James Hiebert, a senior at Penn, has been a member of MARS for two years. He joined after his friend was sexually assaulted, and he wasn’t sure how to handle the situation.
The trainings focus on “how men have learned how to talk about sex and relationships and what healthy relationships and sex looks like on campus,” Hiebert said.
“Students often talk about a hookup culture where people have sex freely,” he added. “People, particularly men, have a tendency to overemphasize how much sex they think other people are having.
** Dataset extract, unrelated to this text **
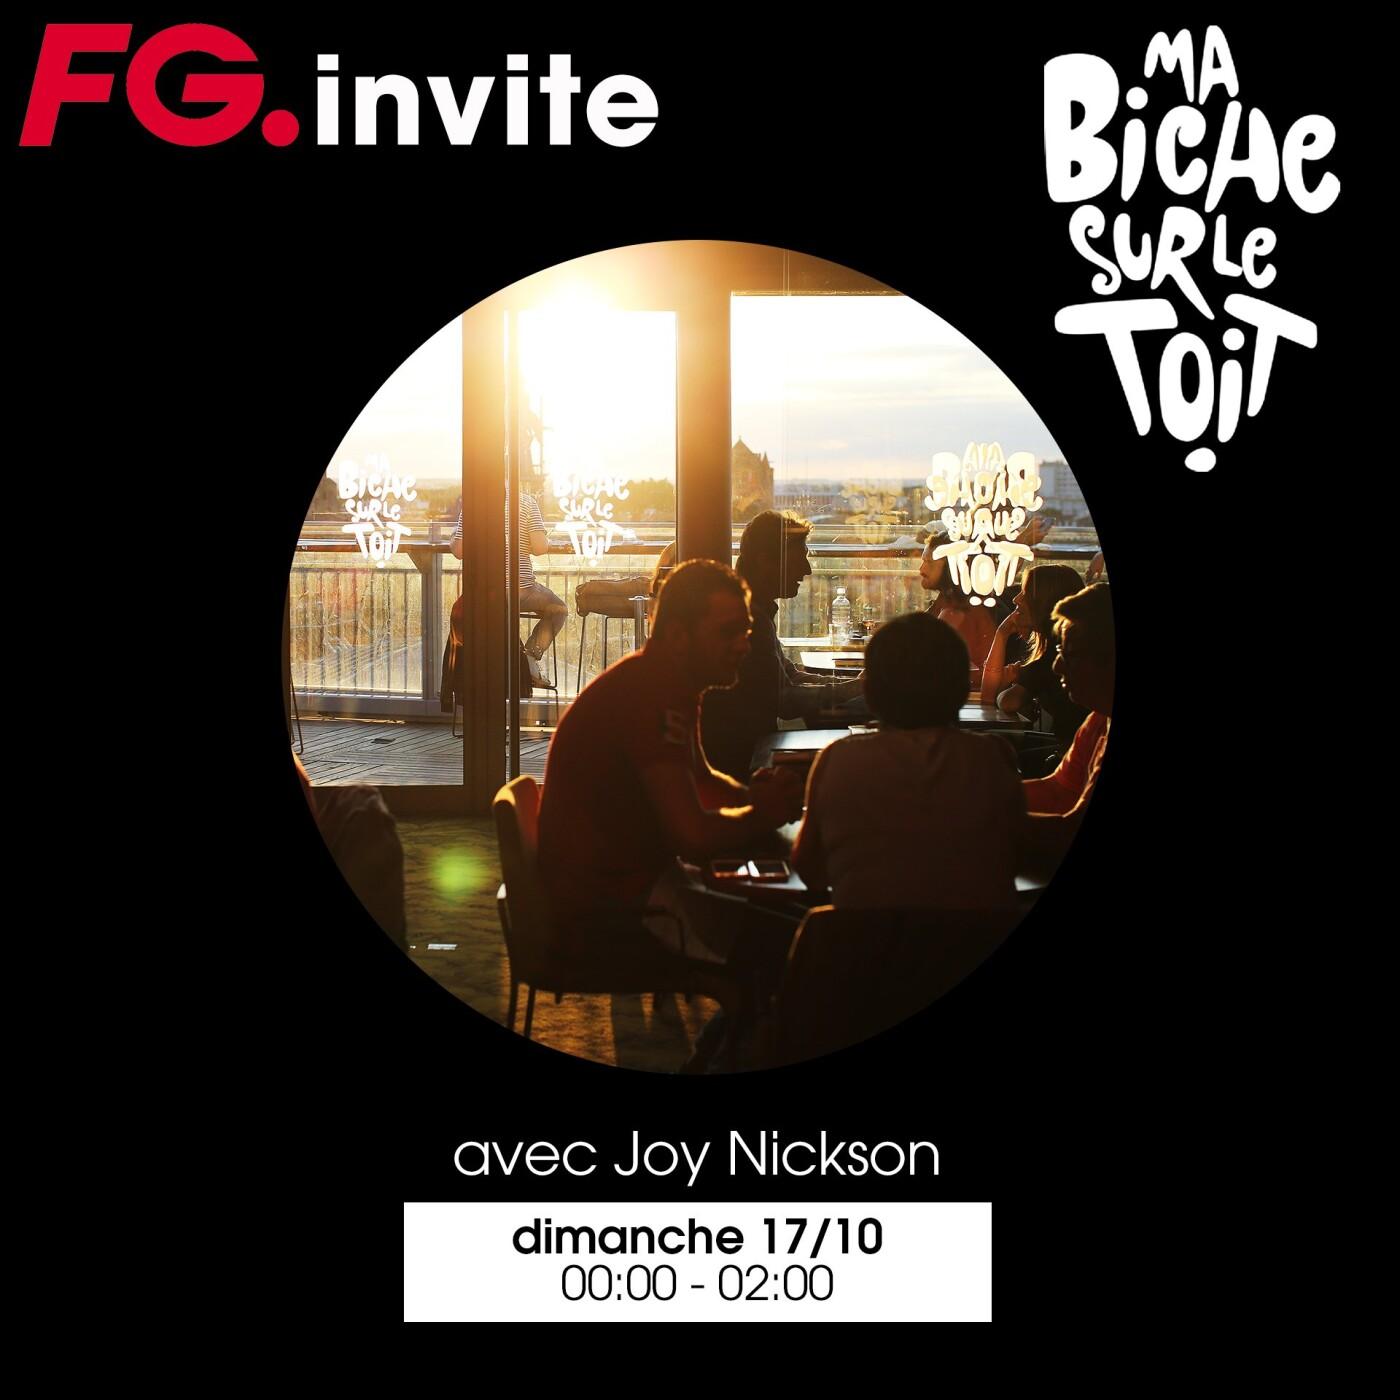 FG INVITE : MA BICHE SUR LE TOIT

But I do think our culture here in which there can be an unhealthy consumption of alcohol and people working hard to play hard isn’t always a healthy combination.”
All events hosted on and off campus at Penn must be registered with the school, have university-approved bartenders and security. Kegs are banned.
Temple now requires all fraternity and sorority chapters to register all social events that involve alcohol and to give wristbands to students who are 21 and older.
‘There is change’
But have these new policies and efforts to raise awareness made a difference?
“In the world of sexual assault prevention, measuring effectiveness is hard,” Hiebert said. “There is change. Before, there was an emphasis on teaching the definition of consent. Research shows that doesn’t work alone, so we went with a more holistic approach.”
According to a 2016 report from the Centers for Disease Control and Prevention, social-emotional learning — an approach that focuses on open discussions and problem-solving techniques — is a more effective tool to prevent sexual violence.
“I feel that I’m part of something great,” Hiebert said. “There is always someone, one person, always in the room that needs to hear our message, and that makes a difference.”
While he says he can’t tell if these efforts are making a difference across campus, Alex Derbyshire said his fraternity at Temple has made some positive changes.
Derbyshire and his brothers frequently discuss how to be better bystanders.
“The general protocol is, if you see someone being creepy, approach both the girl and guy to make sure it’s OK,” Derbyshire said. “If not, split the two parties by escorting guys out.”
Now, when the fraternity does host parties, the brothers make sure to tell the DJ to stop the music and point out people acting out of line, so they can be escorted out.
“It’s more important for people to feel safe than us having a good time,” he said.